Records for this exercise =
#####

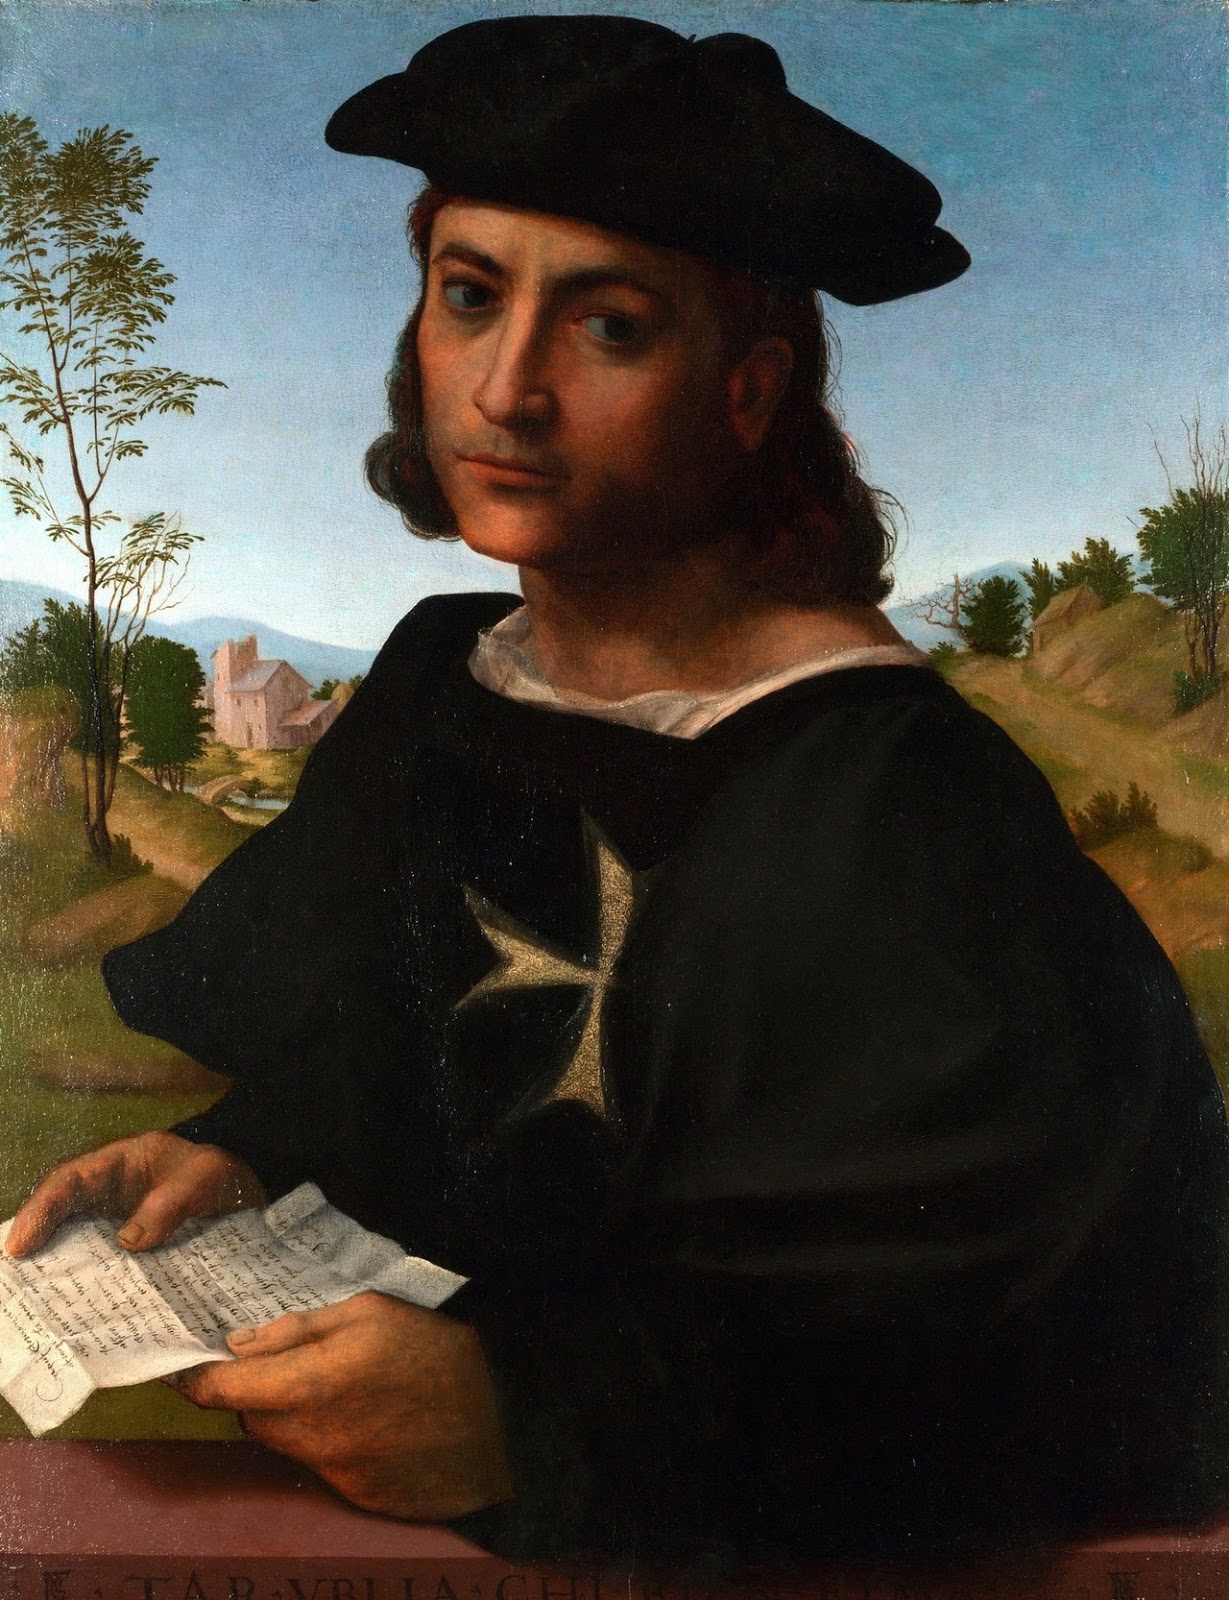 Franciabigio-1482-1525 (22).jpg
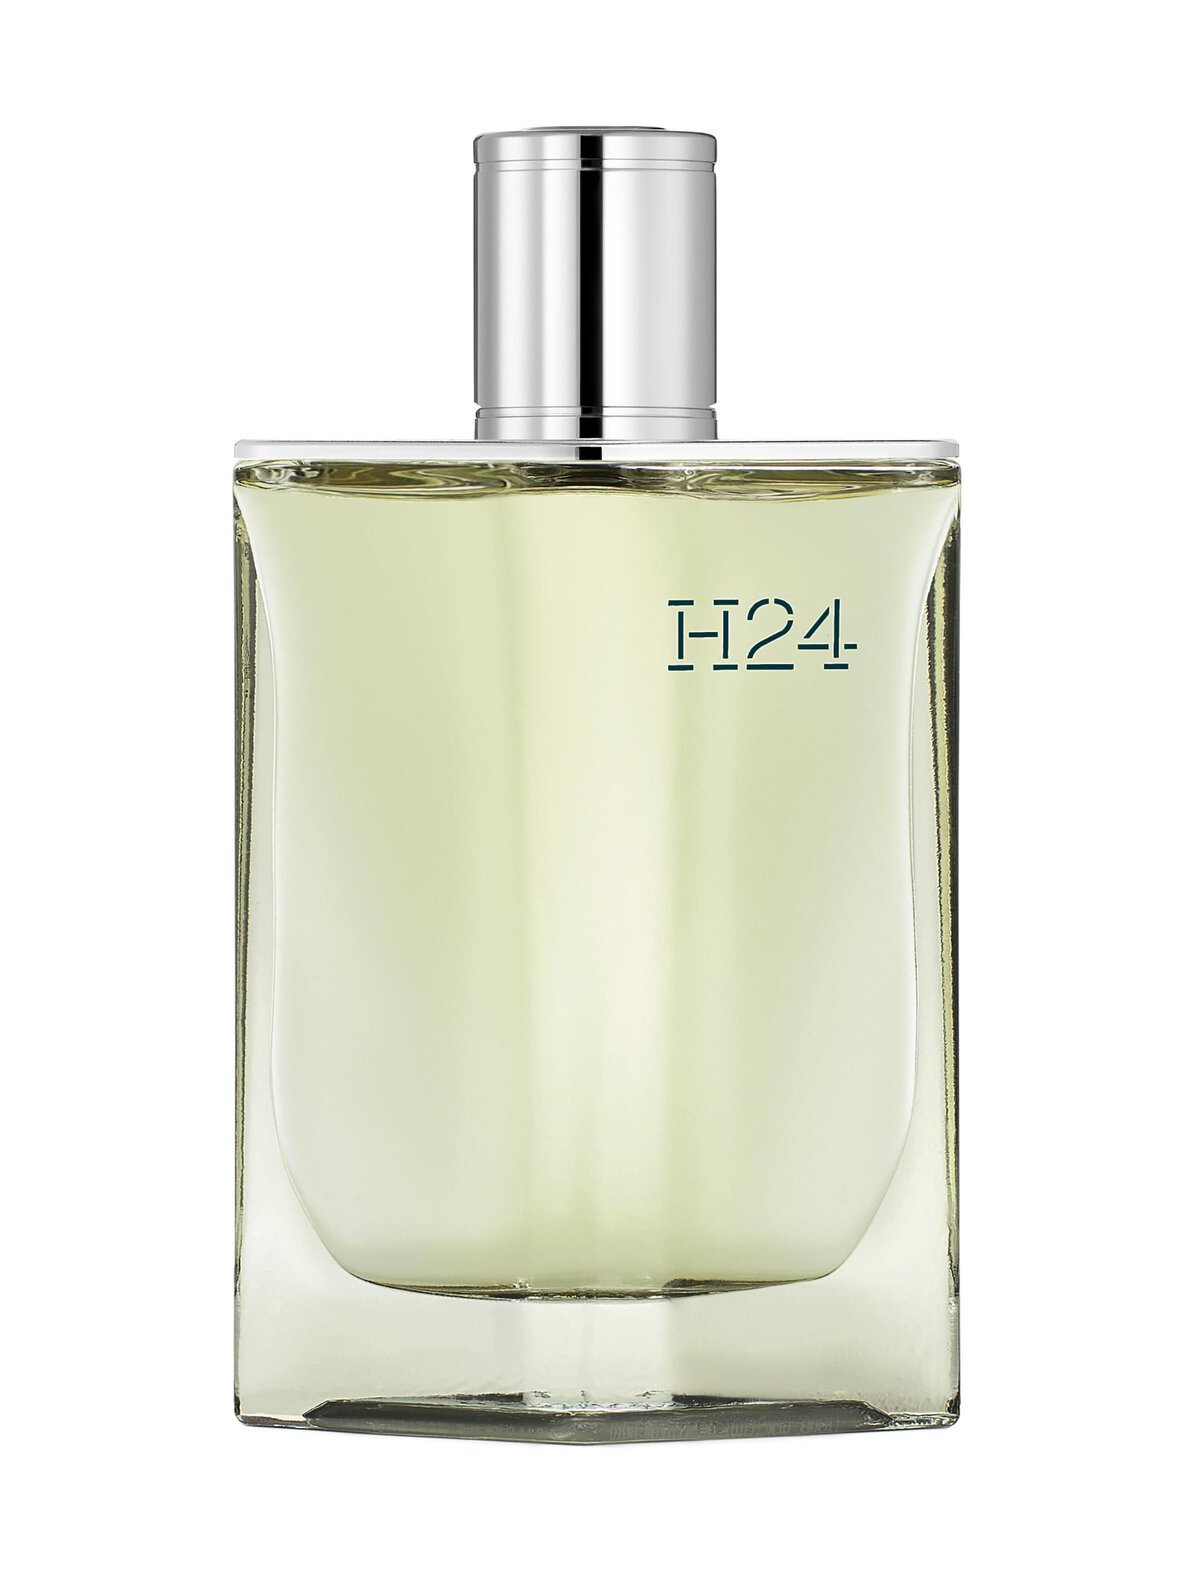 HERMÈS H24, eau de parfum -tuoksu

#####

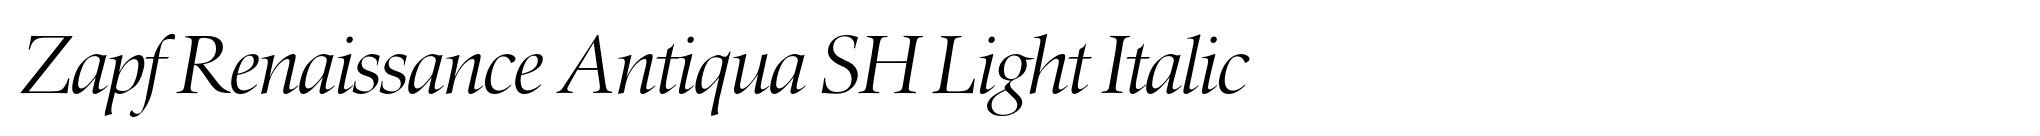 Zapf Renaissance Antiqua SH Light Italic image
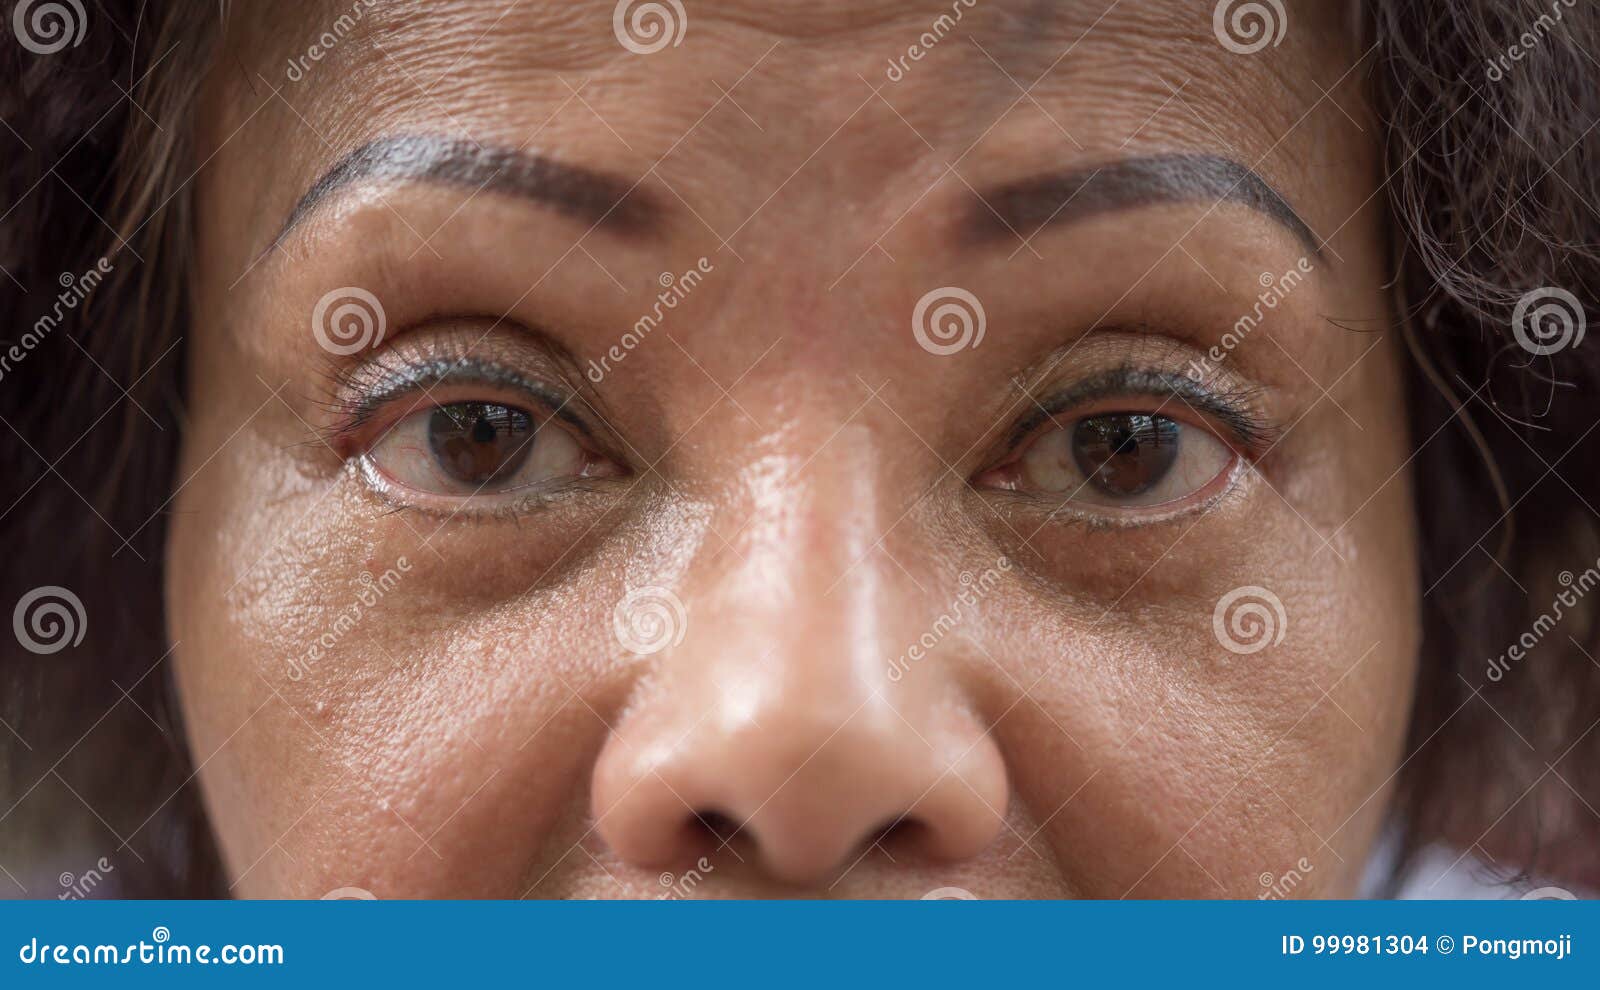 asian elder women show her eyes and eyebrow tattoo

#####

Task brief = Treat the line with "Franciabigio-1482-1525 (22).jpg" as the start and the line with "HERMÈS H24, eau de parfum -tuoksu" as the end, and return exactly that span of the data above, both ends included, without pictures.

Solution to this exercise =
 Franciabigio-1482-1525 (22).jpg
 HERMÈS H24, eau de parfum -tuoksu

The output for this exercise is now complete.